The intuition is "match reasoning effort to local uncertainty, risk, and
reversibility" rather than "escalate when stuck." A long agentic task is not
uniform: it may contain mechanical edits, medium-difficulty debugging, and
high-consequence architectural choices. Reasoning effort that is right for one
phase is wrong for another.

## Problem / Motivation

Today, reasoning effort is set before a task and remains effectively fixed for
its duration, with the user as the only party who can change it mid-session
(via Alt+, / Alt+. in the TUI, /model, or the equivalent app control). This
has two failure modes:

1. Under-allocation.

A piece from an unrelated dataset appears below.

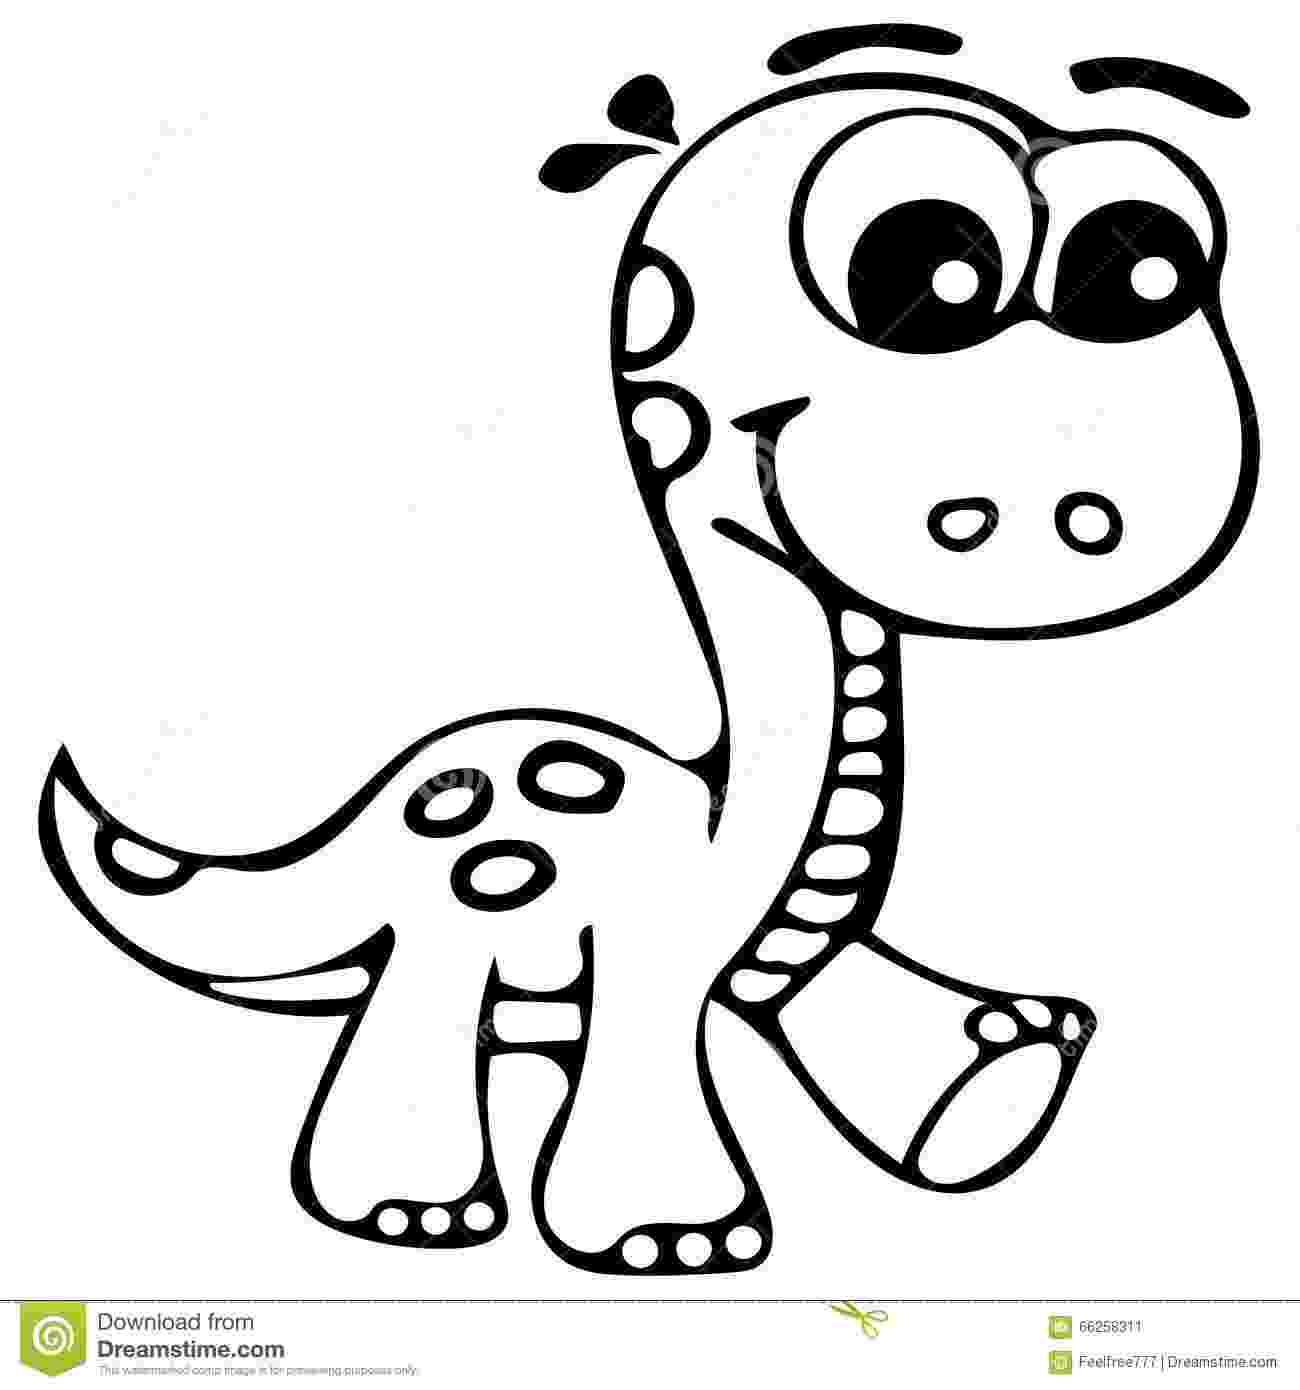 dinosaurs pictures דף צביעה דינוזאור רקס dinosaur coloring pages pictures dinosaurs

A task that started simple uncovers ambiguity, conflicting
   evidence, or hidden coupling. The model continues at the original tier and
   produces shallow patches, repeated failed attempts, or wrong architectural
   decisions.

2. Over-allocation. A task pinned to a high tier for safety burns tokens and
   latency on long mechanical stretches where the next action is "run the
   test" or "rename three call sites." High effort can also cause its own
   failures: over-planning, second-guessing clear errors, wandering into
   architecture when a typo fix is needed, larger patches than necessary.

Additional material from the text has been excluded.